The Catholic religion is, in its nature and claims, wholly intolerant and exclusive, and has long been a political, rather than a religious system. The Popes have uniformly favored and sustained those parties in the church, and those orders of monks which have been most obsequious to themselves, and have shown the greatest zeal in defending and increasing the temporal power and possessions of the church. In doing this, they have often, as in the case of the contest between the Jesuits and Jansenists, sided with those who were most corrupt, both in doctrine and morals. In those cases where there have been long and virulent disputes between parties in the church, each of which was numerous and powerful, the Popes, where they could do it, have not only refused to give a final decision against either, but have also prevented general councils of the church from doing so. This policy has been pursued for fear of making either party an enemy, and thus losing its support. Where, however, a decision has been forced upon them, not only have they, at times, sided with the most corrupt, but where a sect has been utterly condemned and excommunicated as heretical, the church has not wholly_cast them off if in any country they had, like the Jansenists in Holland, peculiar power and influence.
We can hardly forgive even so good a man as Augustine, for permitting his strong natural passions and the heat of controversy, to lead him so far astray as to advance and defend the principle, that it is right for the church to punish, even unto to death, those who err from her rules of faith. But little did he imagine that he was laying a foundation for the Inquisition, that engine of cruelty and blood, by means of which the Catholic church has brought such dire reproach upon the Christian name, and incurred such deep-stained guilt, as richly to deserve the curse of heaven and the execrations of mankind. With reference to the fact, that when it had been for a time suppressed it was again revived, well might the poet, with words of withering power, address its guilty agents thus.
"Cowled demons of the Inquisitorial cell,
Earth shudders at your victory; for ye
Are worse than common fiends from Heaven that fell,
No eye may search, no tongue may challenge or reveal.” But thanks be to God, the Inquisition has now been crushed, to revive, as we trust, no more for ever. Still has it left behind traces of its influence, enstamped on the national character of the Spanish, which ages will not obliterate.

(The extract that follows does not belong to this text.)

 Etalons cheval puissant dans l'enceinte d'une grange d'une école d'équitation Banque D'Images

The bloody rites of the Inquisition, its public and private tortures, the wheel, the rack, the gibbet, and the stake, the fact that a man might glut to the utmost his love of revenge, by charging an enemy with heresy, thus not only destroying him, but plunging his family in infamy and want, while the false accuser was himself not known as the author of this ruin, — these have been efficient causes in making Spain a land of dark and brooding suspicion, of deep and deadly malice, of private feuds and bloodshed, and of bloody and ferocious civil wars.

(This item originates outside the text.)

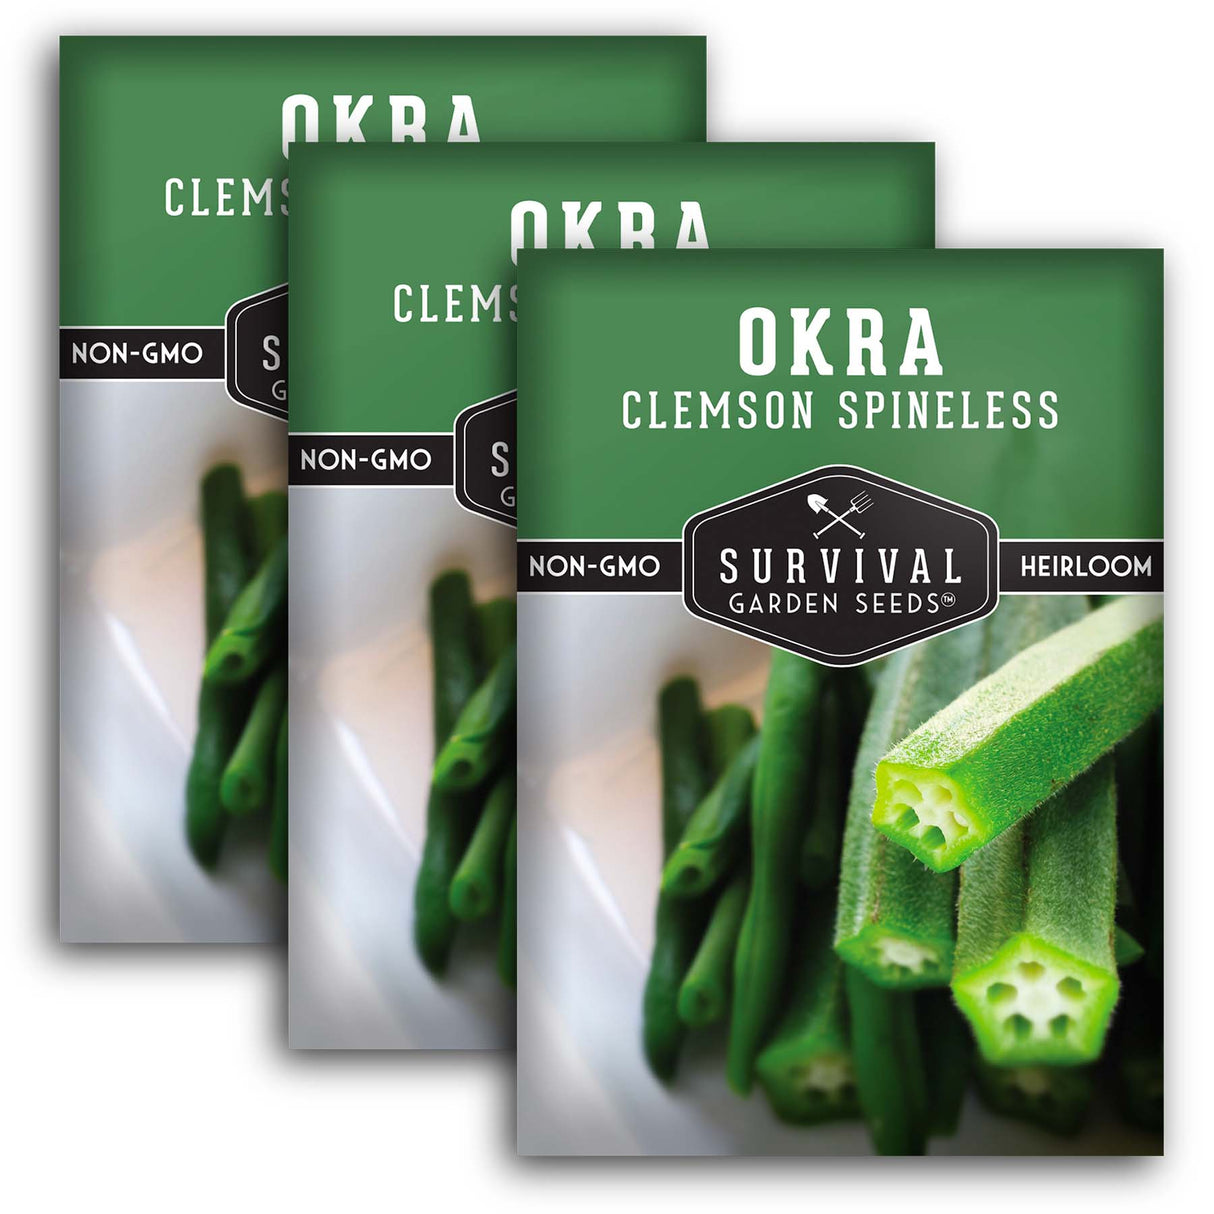 Clemson Spineless Okra Seeds

The Dominican monks have ever had the main control and direction of the Inquisition, and their convents were the richest in Spain. On the walls of the corridors, or public galleries of their convents, one may often see long lists of the names of those who were burned by the Inquisition. The descendants of these heretics are called Chuetas, or New Christians; and though hundreds of years may have passed since the burning of their ancestors, still, however learned or wealthy these Chuetas may become, none of them can hold office, nor will the old Christians, — the real Simon Pures, — who are free from such a stain on their family escutcheon, intermarry or associate with them. Some few of them indeed have studied, and taken orders as priests abroad, and have been permitted to retain their office after their return to their native land. In some of the large towns in the group of islands to which Minorca belongs, there are great numbers of those, who have thus been disfranchised and degraded, because their remote ancestors were charged with being heretics, and were burned for it. This is visiting the sins of the fathers upon the children, with a vengeance. The numerous punish
ments of heretics is one of the lesser facts which go to prove, that the Catholic church, which is ever boasting of its unity, has been rent in sunder by more numerous, deep, and bitter sectarian divisions, than have existed among all others who bear the Christian name. No sect has ever yet proved just and pure enough to be safely intrusted with the sword of civil power, thus placing in its hands the liberties of the people : and the main security there is for the continuance of civil and religious freedom in the United States, is found in the jealous watchsulness of each of the great leading religious sects, over the exclusive claims and encroachments of the others.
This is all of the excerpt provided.